# Analysis & Results


The following notebook is a summary of the Results after working with different Baselines and Models. 

Models used: 

#### Baselines 

1. **Majority Class with Feature Extraction**
1. **Logistic Regression Classifier with Feature Extraction**

#### Models 

1. **Ensemble Model for German using `de_core_news_lg` package with spaCy** - without cleaning the Data 
2. **Ensemble Model for German using `de_core_news_lg` package with spaCy** - with cleaning the Data by removing Punctuation, stop words and lemmatizing the tokens
3. **BERT Transformers model for German fine-tune on `bert-base-german-cased` with our data**

## Baselines definition

It's well known that before starting to use / train any models, one should create baselines that will serve as comparisons with the models we would like to test. 

I have chosen to work as follows: 

- After pre-processing the data, to be able to work with the text data, I have worked with transformers model `bert-base-german-cased` to build a FeatureExtractor as I wanted to take advantage of the German training data used for this model. 


______________

#### Side note on Feature Extractor 

As we want to vectorize the data to be able to use it in our models, I have frozen the weights of the model and get the hidden_states from the output of the CLS token, so that those could be used as Features for the baselines

## Model selection 

Initially, I wanted to try different models and selected two different ones, described next: 

### 1. TextCategorizer Ensemble model from spaCy. 

Quote: 
> Stacked ensemble of a linear bag-of-words model and a neural network model.

**Notes:** 
- Usually ensemble models perform well for classification, in this particular case it seems the updated model on the training data achieved good results that will be discussed later on
- One of the caveats of this model is that bag-of-words models usually doesn't account for context and surroudings around the text. 
- spaCy it's specialized to build multi-lingual pipelines, this particular one has multiple sources for training such as TIGER corpus, Tiger2Dep, explosion fastText vectors. 

Reference: [spaCy de_core_news_lg](https://spacy.io/models/de#de_core_news_lg)

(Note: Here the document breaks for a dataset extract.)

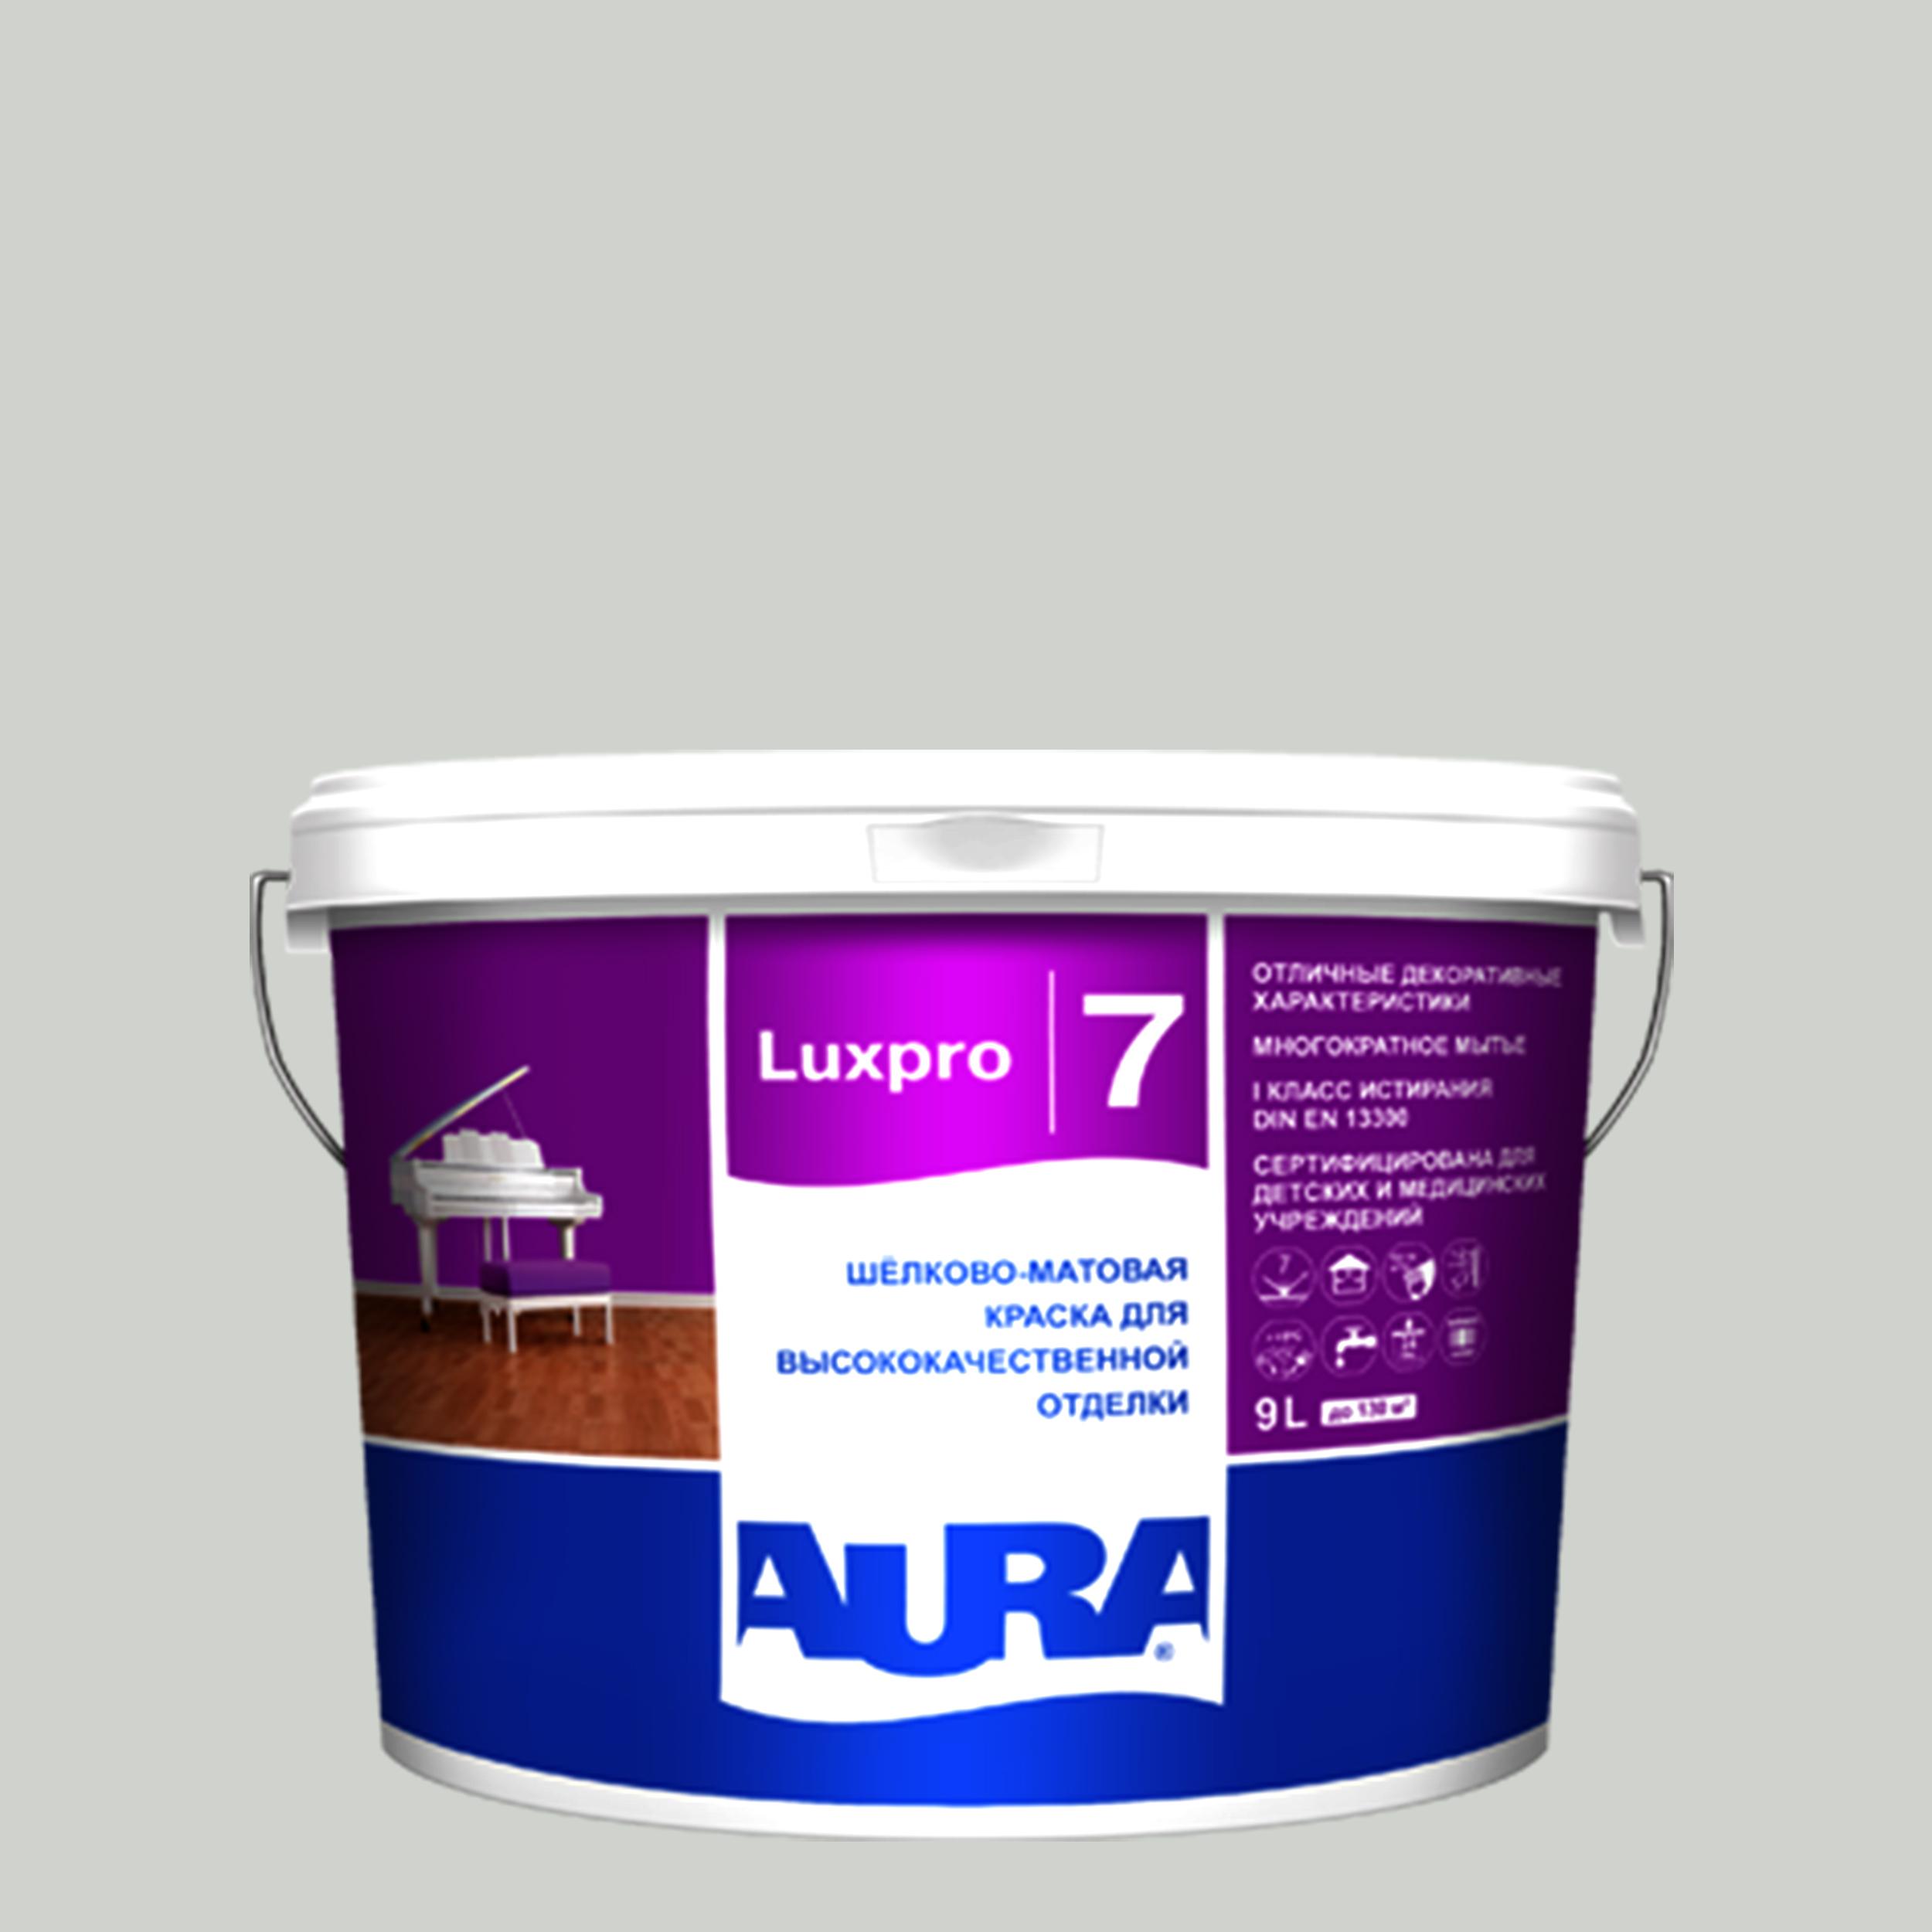 Фото 4 - Краска интерьерная, Aura LuxPRO 7, RAL 6022, 11 кг.
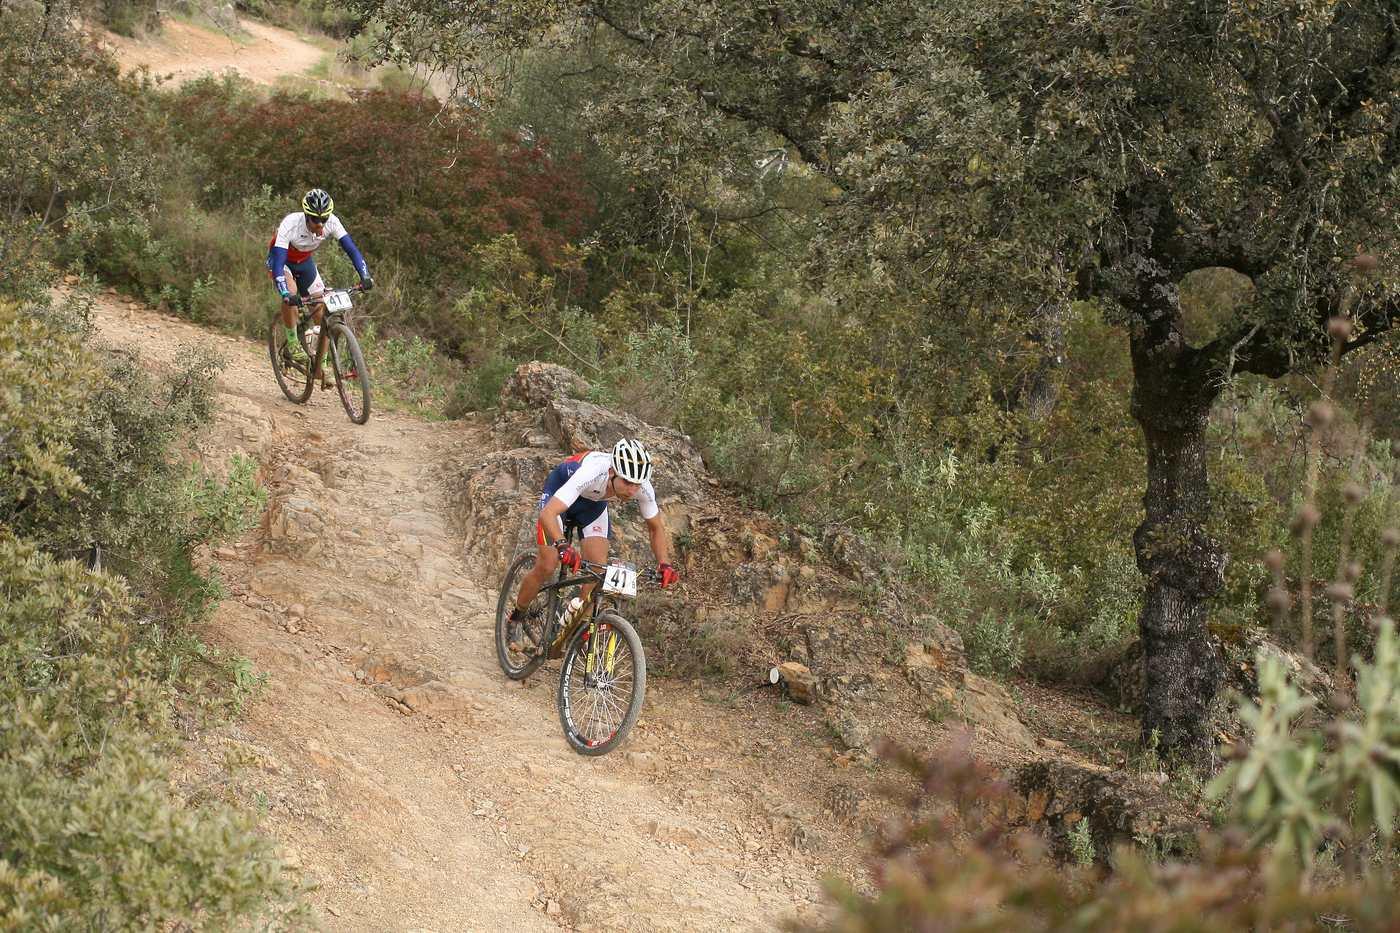 Andaluciabikerace-6szakasz2688_S6RSLS_00124.JPG

### 2. Transformer models. 

Based on previous experience, working with text data it's challenging and luckily more recently we have seen an increase usage of Transformer Models, which internally uses Attention mechanisms for looking around surrounding text and not only the token that is being processed. 

**Notes:**

- Model chosen was based on the fact that: 
    - It was trained on German corpus 
    - Training corpus was based on : `German Wikipedia, OpenLegalData, News Articles` which seems a big bigger and more diverse than the spaCy model.
    
Reference: [Deepset - German BERT article](https://www.deepset.ai/german-bert)

-----------------

## Baseline Results

The following metrics were chosen for evaluation: 

- Accuracy, as it's one of the metrics usually utilized for evaluating Classification models. 
- For the case of the spaCy models, the metric is set to macro-f1 by default. 

To visualize the results, a *Confusion Matrix* was utilized. 

### Baseline 1. Majority Class Results

As it's expected the results from this Classifier will be always set to predict the majority class no matter what the real class is. 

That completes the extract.